At 248,000, net immigration to the United Kingdom in 2016 remains roughly two-and-a-half times higher than the Conservative Party promised in 2010, according to the latest Office for National Statistics (ONS) estimates.
The Conservative Party promised to bring net immigration down “from the hundreds of thousands to the tens of thousands” in its 2010 manifesto. This pledge was repeated in the party’s 2015 manifesto and its manifesto for the upcoming snap election on June 8th.
However, whilst the ONS estimates that gross immigration in the year before the Tories came to power was 567,000, and net immigration 229,000, the statistical body’s provisional estimates for the year ending in December 2016 show a gross figure of 588,000 and a net figure of 248,000.
As Home Secretary under the David Cameron administration, immigration was Theresa May’s area of particular responsibility for many years.
Recalling that “in the 1990s net migration to Britain was consistently in the tens of thousands each year” in a 2010 speech, May chastised the previous Labour government for allowing net migration to run “close to 200,000 a year, for most years since 2000”.
“As a result, over Labour’s time in office net migration totalled more than 2.2 million people – more than double the population of Birmingham. We can’t go on like this.”
(In fact, an ONS investigation in 2014 revealed that immigration during this period was significantly undercounted, and actually ran well over 200,000 every year after 2003.)
Whilst the 2016 migration estimates are somewhat down on 2015, the ONS states this was “was driven by a statistically significant increase in emigration”, which was 40,000 higher than in 2015.
The 43,000 decrease in gross immigration was deemed “not statistically significant”.
Alp Mehmet, vice-chairman of Migration Watch UK, said the fact there had been any reduction at all was “welcome, but it is still running at a quarter of a million a year – a level that would have once have been dismissed as incredible”.

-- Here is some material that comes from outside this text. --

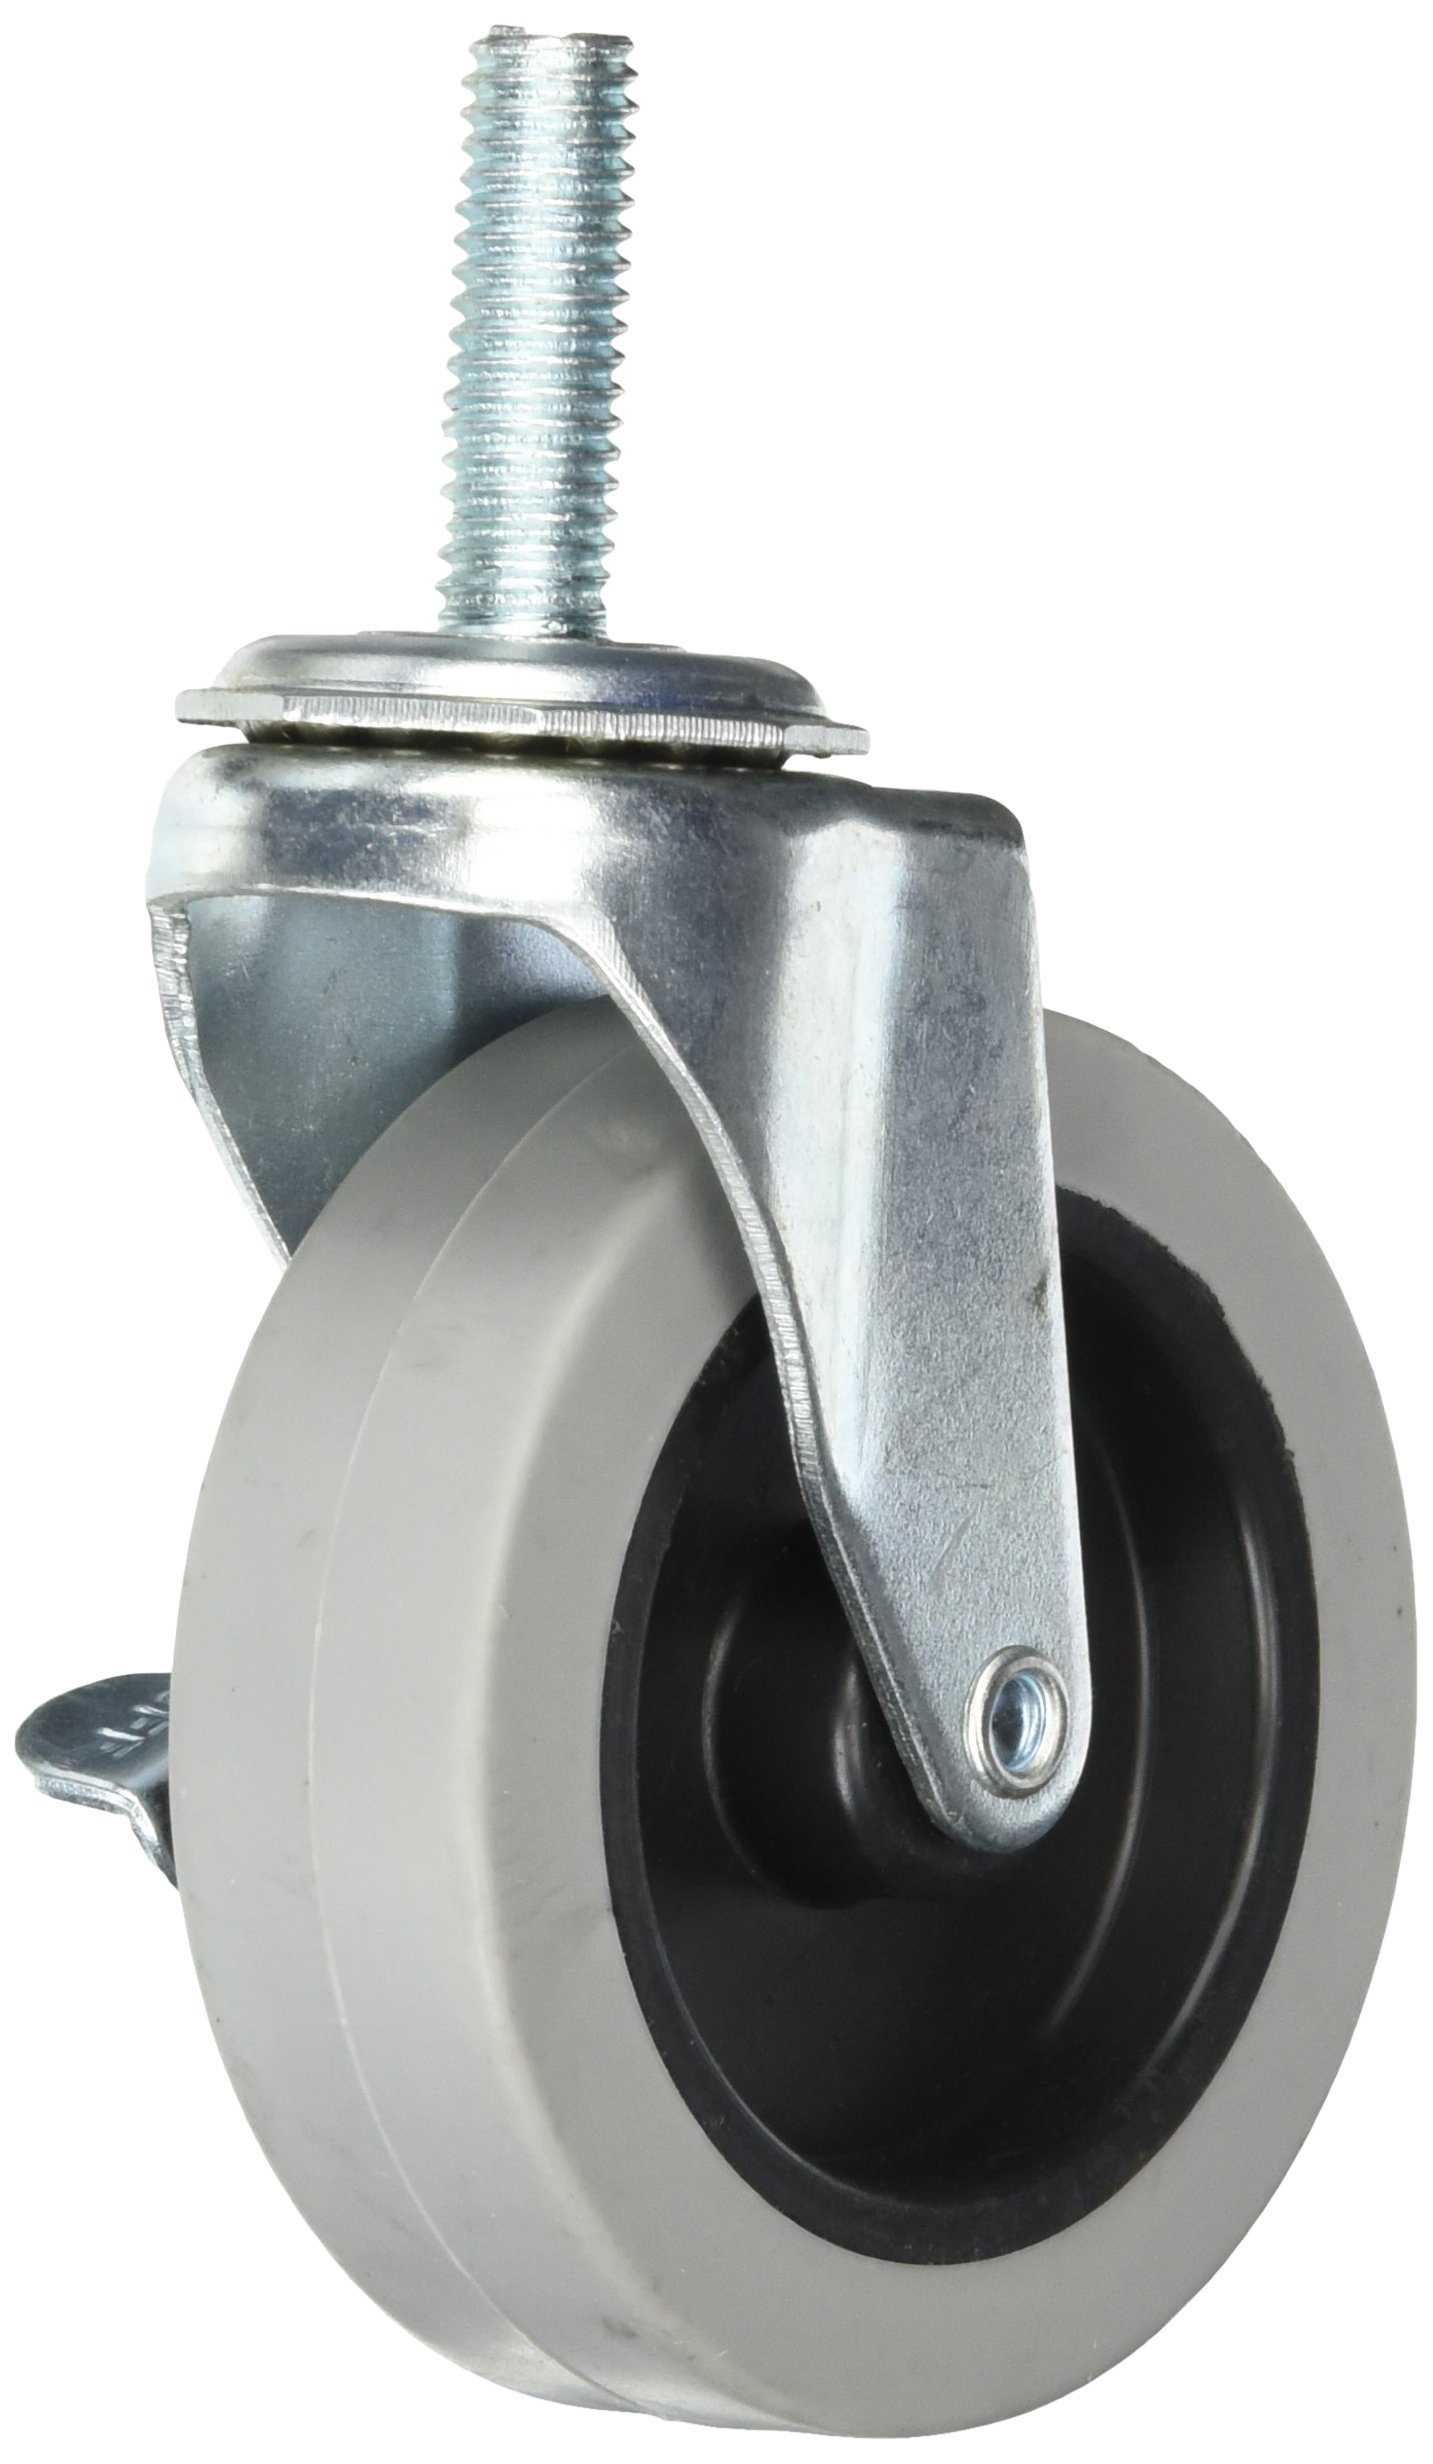 Quantum Storage Systems WR-3 4 Piece 3'' Diameter Polyurethane Wheel Swivel Caster Set with Brakes, 200 lbs Capacity
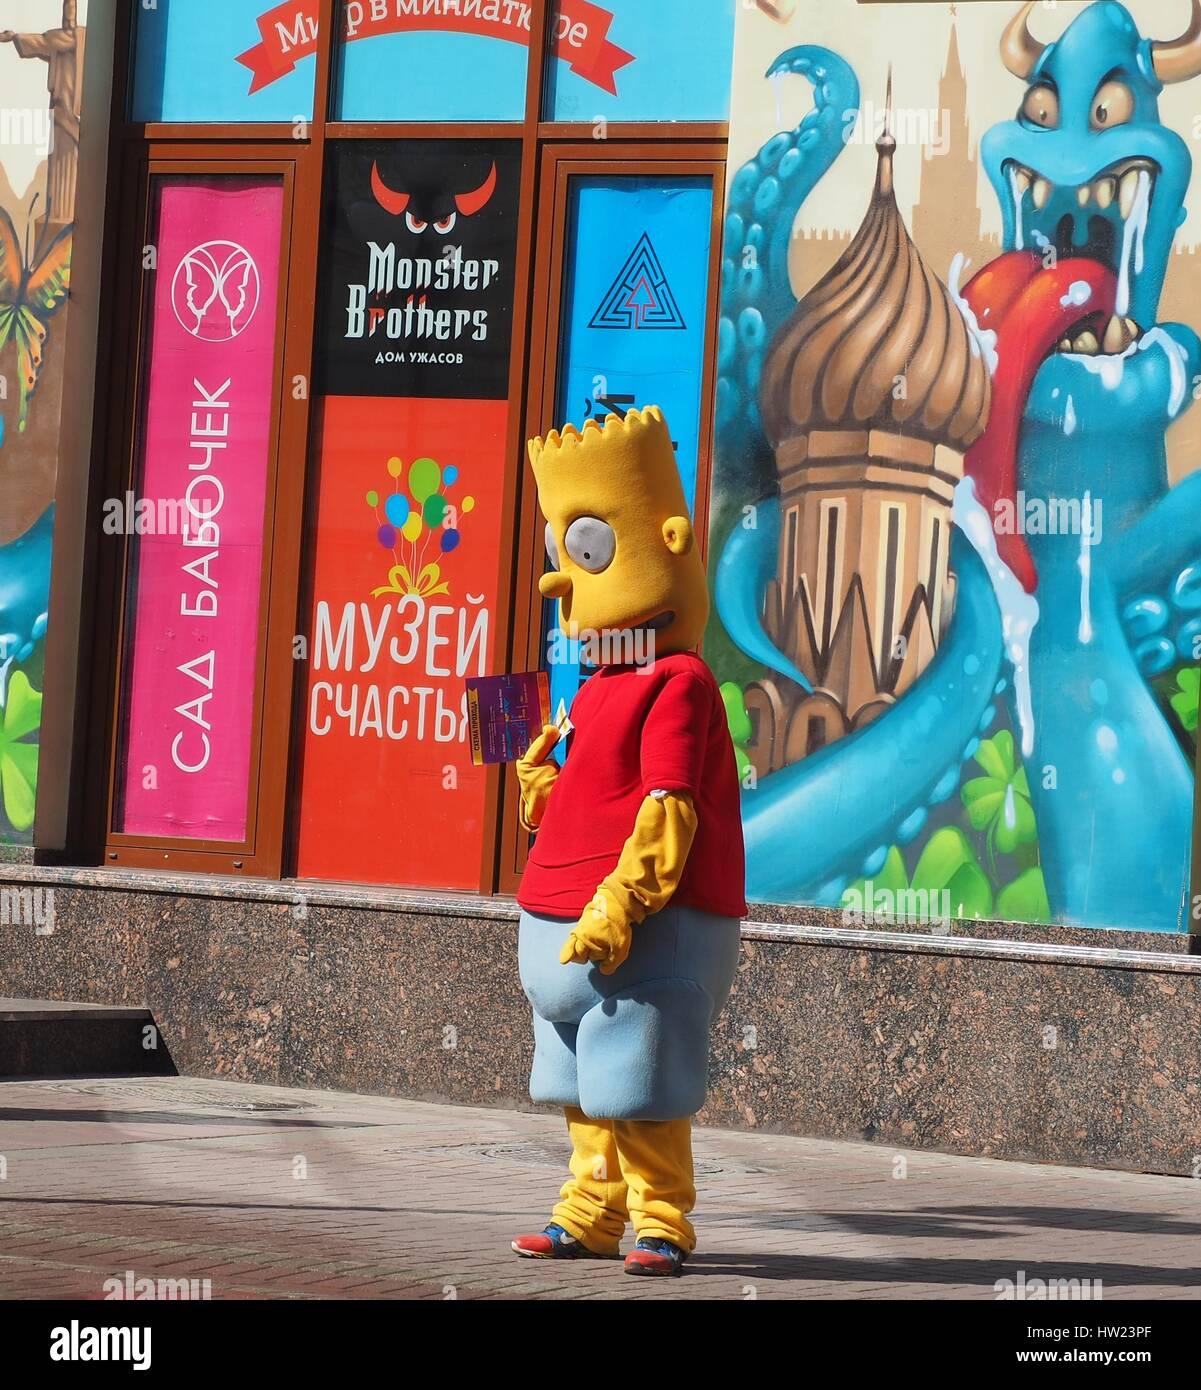 Bart Simpson Disfraz Foto Imagen De Stock 135885863 Alamy - Disfraces-simpsons

He added: “This means, broadly, a UK population increase of nearly half a million, every year. This is not a situation that can be allowed to slide … if the growing strains on our public services and society are to be relieved.”
Slight falls in migration were previously achieved in 2011 – from 256,000 to 205,000 – and in 2012 – from 205,000 to 177,000.
These drops later proved to be aberrations, however, with numbers lifting back up to 209,000 in 2013 and rocketing to first 313,000 and then 332,000 in 2014 and 2015.
Tory heavyweight George Osborne, former Chancellor of the Exchequer and current editor of the Evening Standard, revealed that the Tories never intended to keep their “tens of thousands” pledge in a shock comment piece titled ‘It’s time to scrap the Tory migration cap’.
“Over the past seven years, the Government has not been able to reduce significantly the numbers of non-Europeans coming here — though we could,” he boasted, confessing that “[N]one of [the Cabinet’s] senior members supports the pledge in private and all would be glad to see the back of something that has caused the Conservative Party such public grief.”